Analysing community health via Google BigQuery

I’ve been a steward for a reasonably large open source community (Silverstripe CMS) for over a decade. My various roles working at the main sponsor of this community (Silverstripe Ltd) put me in a privileged position to talk to many awesome folks in this community, and influence the direction of the product. But along the way, I’ve also accumulated a lot of anecdotes, bias and gut feel about the “shape” of our community and its contributions. This is especially true when applied to a global community when looking out from our little “filter bubble” at the headquarters in Wellington, New Zealand.

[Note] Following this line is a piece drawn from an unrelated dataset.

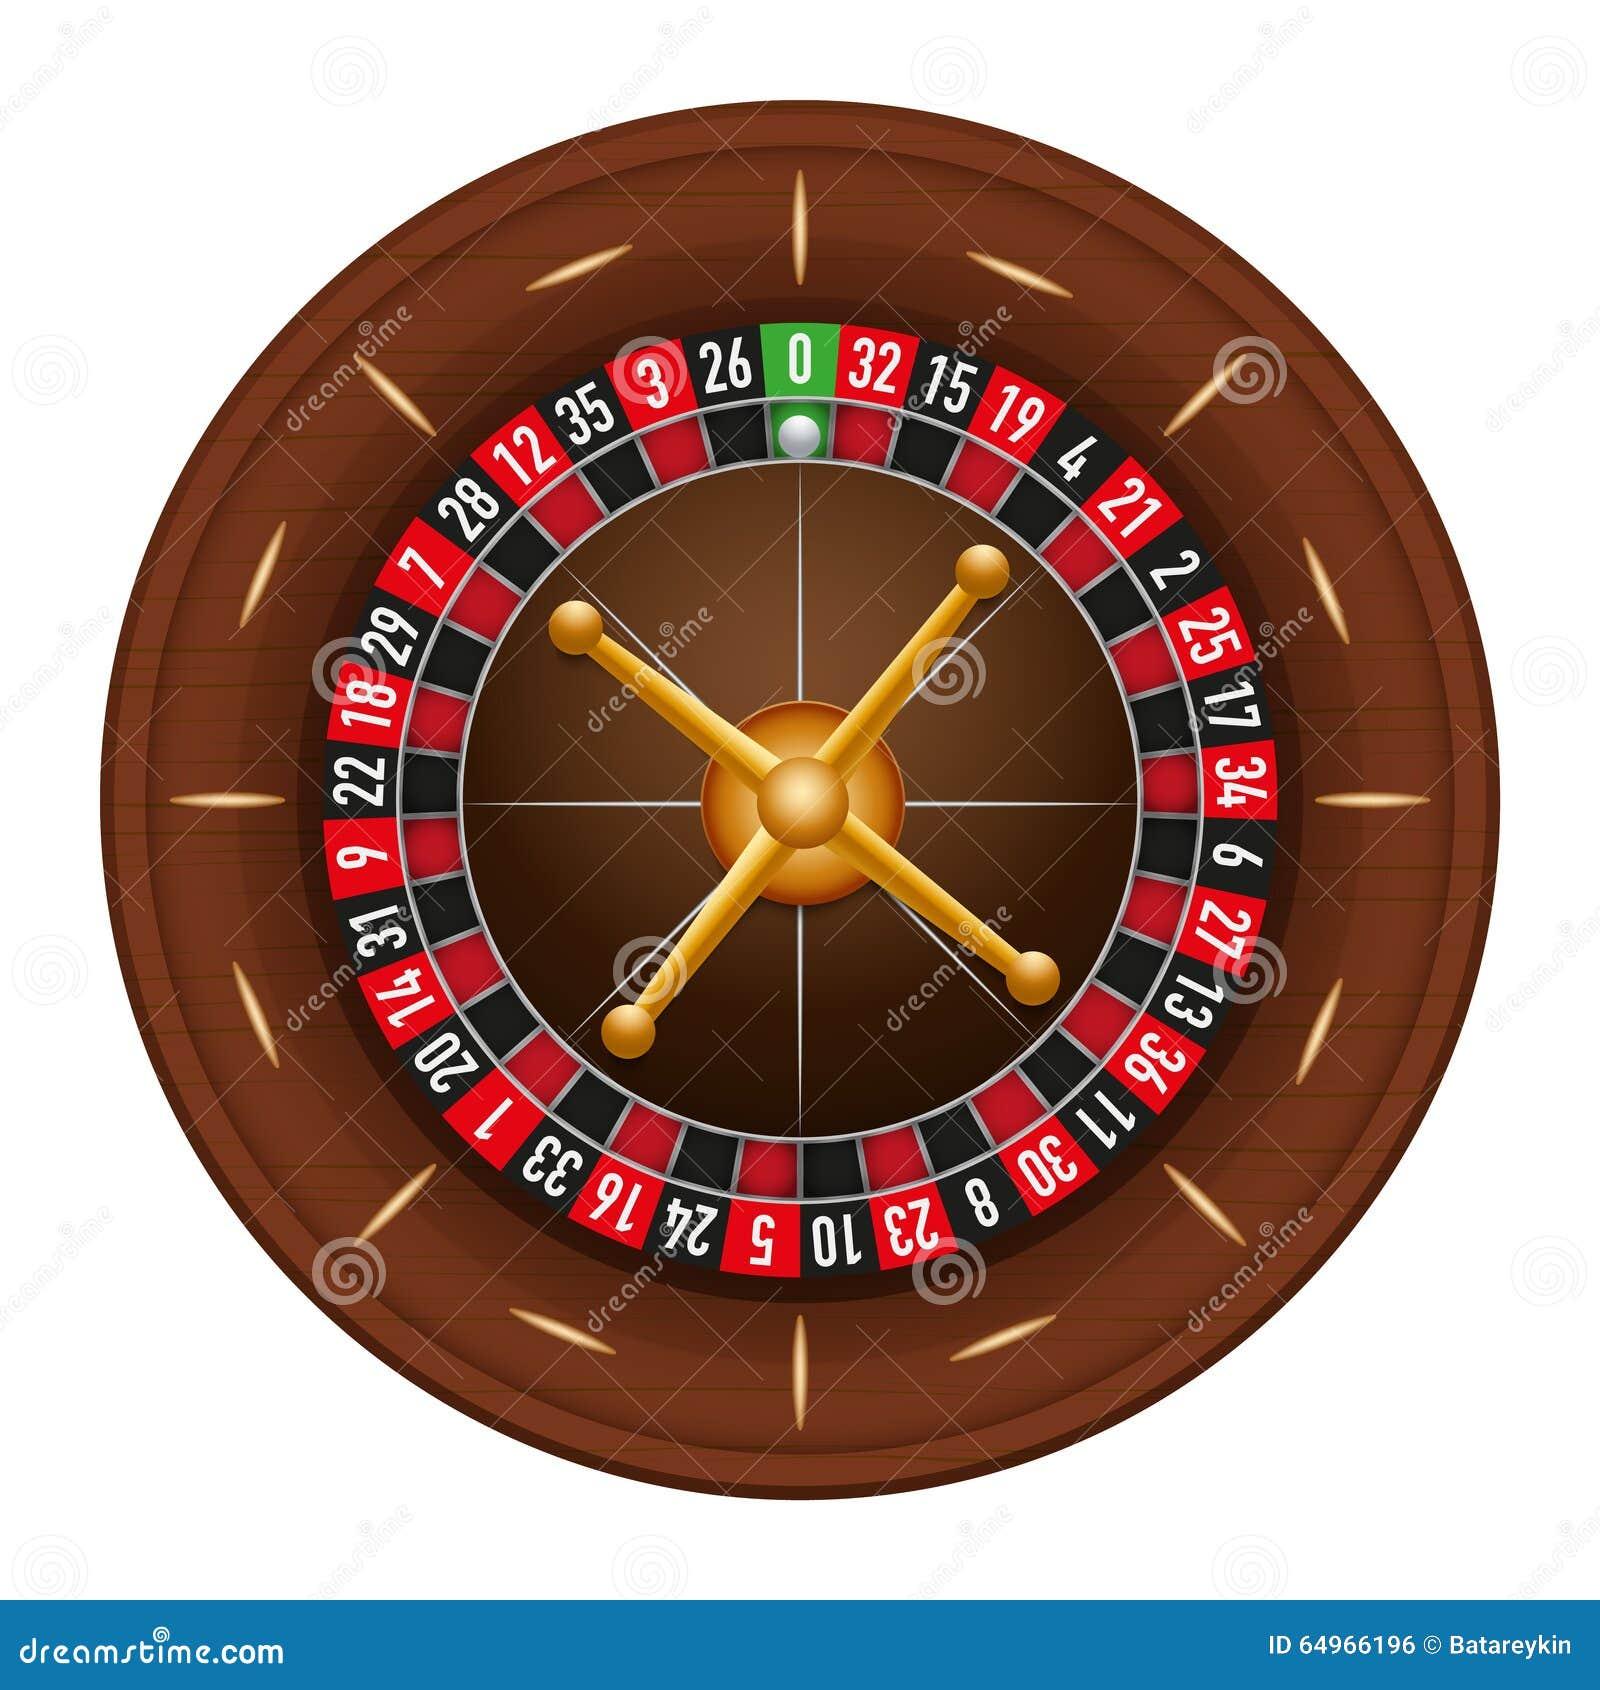 Jugador profesional de ruleta juegos ClubPlayerCasino com - 81947
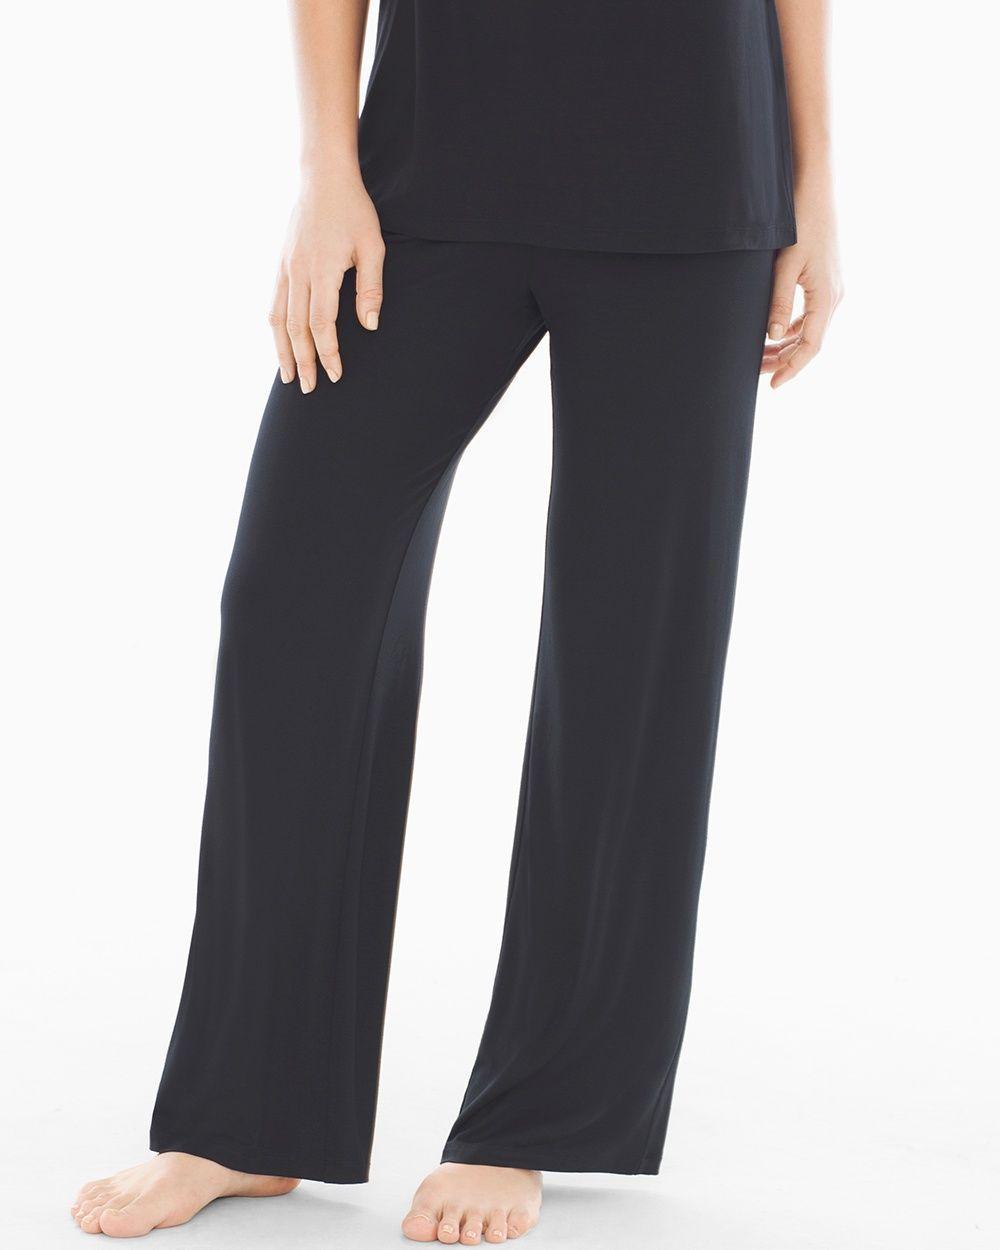 Soma Embraceable Cool Nights Pajama Pants Black  58321fbd3

In 2021, my interests in data wrangling and telling stories with it converged with a need for some clarity around the health of this community. Using Google BigQuery and Google Data Studio, I was able to surface these complex relationships to a wide range of people, with many surprising insights to myself and others.

This post focuses on the approach I have taken to gather and present this data set, rather than interpreting the results. Since it is 99% based on public data, the reports is free to view online (updated daily).

Overview of report

Github’s Data Hoarding

Github is the preferred tool for many interactions in open source communities, especially around code and issues. Thankfully, Github maintains githubarchive.org as a “long-term memory” of these interactions in Google BigQuery. Every time a pull request is opened, an issue is closed, or a comment is submitted, it creates a Github event. These events are tracked in a public “big data” set with all of their metadata, making it a treasure trove for insights.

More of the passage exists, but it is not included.